What the film does for non-Mormons is something else entirely. Diehard atheists and easily irritated individuals may want to stay away or take a sedative: you can pack a lot of prayer into 100 minutes. Still, many viewers will be fascinated by an inside look at the lives of these handsome young men, who are among the most easily identifiable in the religious landscape but are as misunderstood as nuns. They look so self-assured on those bikes, but inside, we learn, many are seething pits of self-doubt.
Missionary life isn't all psychospiritual drama. In some of its missionary-meets-world material, God's Army displays wry humor. One scene shows a bedraggled backyard with screaming kids and a shrill wife in the kitchen.

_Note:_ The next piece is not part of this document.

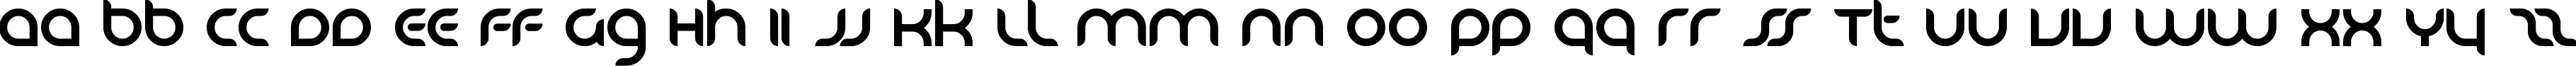 Пример написания английского алфавита шрифтом KB Danube

Meanwhile, Elder Allen is telling his prospect about eternal family life (one of the key selling points of the LDS faith). "You mean I could be with my family forever?" asks the weary man. "Thanks, I don't think I'm interested."
Dutcher has experience in non-Mormon cinema, and it shows in the hip yet restrained use of lighting and music (in-house LDS documentaries use a lot of golden fog and swelling orchestral arrangements).
But it's not just a matter of mastering the conventions of contemporary cinematography: Dutcher must receive credit for writing a respectable human drama, complete with ambivalent heroes and wrenching dilemmas. As the first filmmaker to present Mormons to the world, and to themselves, he has more than done his duty.